On 2024-07-01 16:52 +10:00 AEST, "Peter Wang" <novalazy at gmail.com> wrote:
> Fix a problem where the order that the coercions are typechecked
> can cause type variables to be bound differently.
> 
> For example, assuming citrus =< fruit:
> 
>     X = [] : list(T),
>     coerce(X) = _ : list(fruit),
>     coerce(X) = _ : list(citrus)
> 
> T could end up bound to either 'fruit' or 'citrus' depending on which
> coercion is checked first, due to unification of the type variable in
> the coerce argument type, and the target type of the coercion.

That seems like a *very* rare situation. Did you come across it "in the wild",
or did you construct it when you found something that made you go "hang on ..."?

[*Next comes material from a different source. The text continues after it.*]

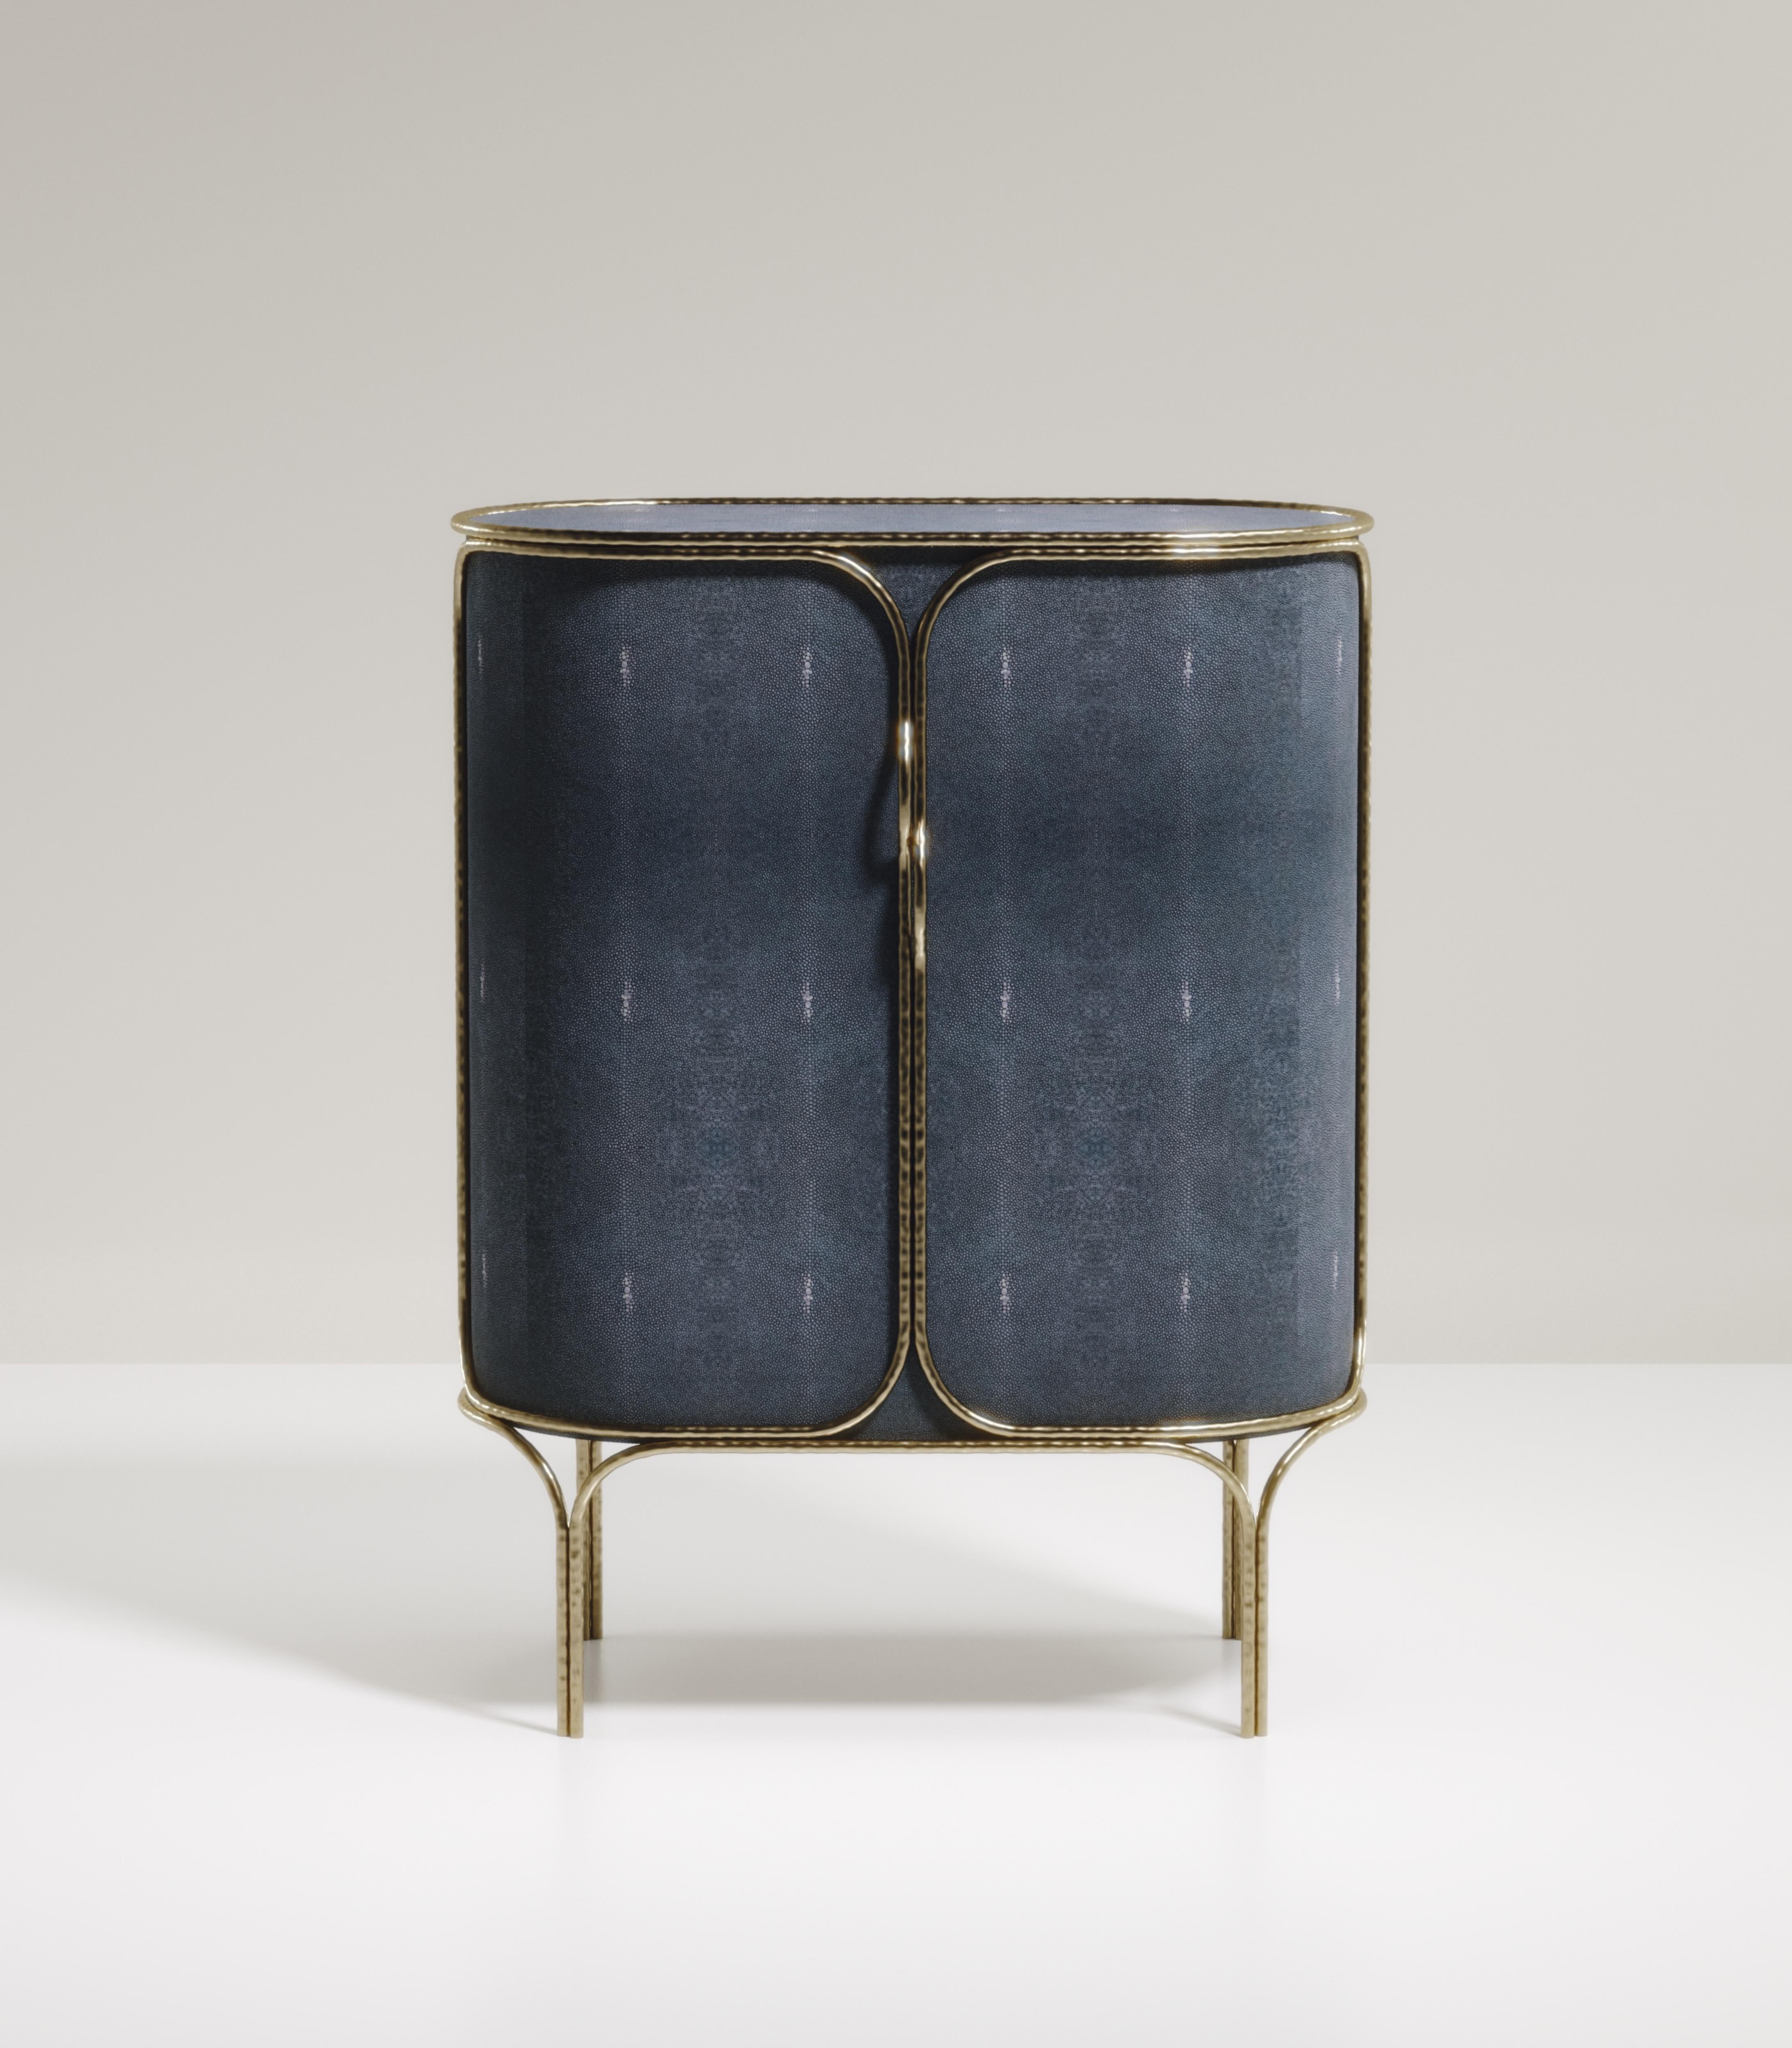 The Arianne bar Cabinet by R&Y Augousti is one of a kind statement piece. The overall piece is inlaid in a denim blue shagreen accentuated with intricate bronze-patina brass details that have the signature Augousti 
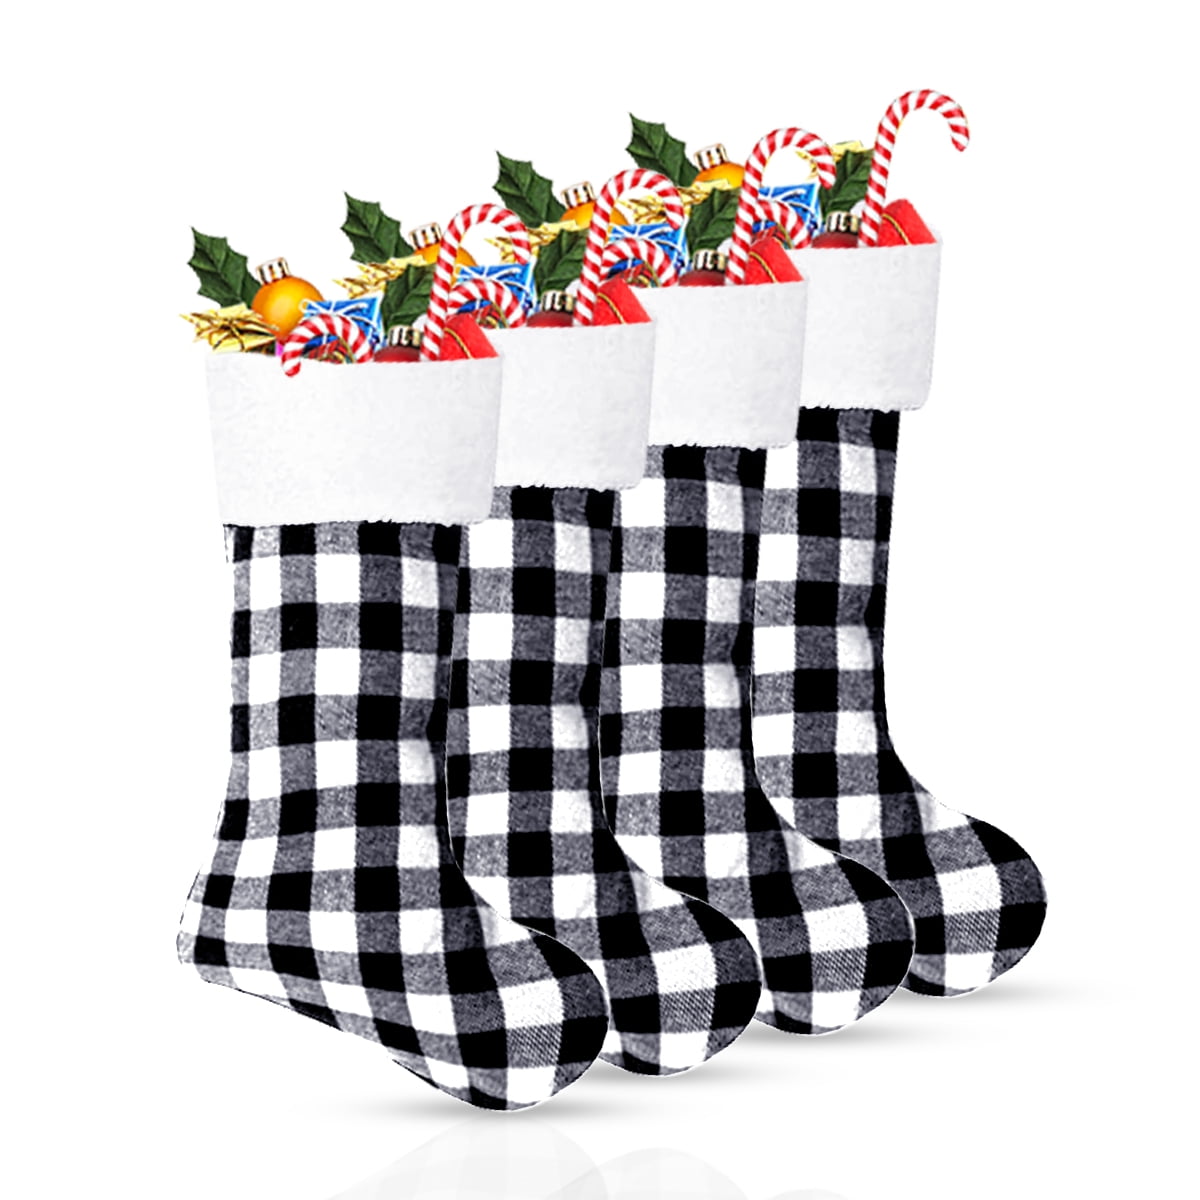  EDLDECCO 20 Inches Christmas Stocking Buffalo Check with  Knitted Cuff Black and White Plaid Home Xmas Tree Mantel Holiday Decoration  Ornaments : Home & Kitchen

>  :- pred type_assign_get_var_types(type_assign::in,
> diff --git a/compiler/typecheck.m b/compiler/typecheck.m
> index 74ed33ad8..73750e2b4 100644
> --- a/compiler/typecheck.m
> +++ b/compiler/typecheck.m
> @@ -1065,9 +1065,13 @@ report_coercion(TypeAssign, Coercion, !Info) :-
>          Status = need_to_check,
>          unexpected($pred, "need to check")
>      ;
> -        Status = unsatisfiable,
> +        Status = unsatisfiable_invalid,
>          Spec = report_invalid_coerce_from_to(ClauseContext, Context, TVarSet,
>              FromType, ToType)
> +    ;
> +        Status = unsatisfiable_unresolved,
> +        Spec = report_unresolved_coerce_from_to(ClauseContext, Context,
> +            TVarSet, FromType, ToType)
>      ;

As your function name suggests, "unsatisfiable_unresolved"
is not describing a unsatisfiable coercion; it is reporting a coercion
that can be satisfied in more than one way. I would rename that status
to either just "unresolved", or even better, to "not_yet_resolved",
since it can get resolved with more typechecking. This turns into an error
only if no more typechecking can be done.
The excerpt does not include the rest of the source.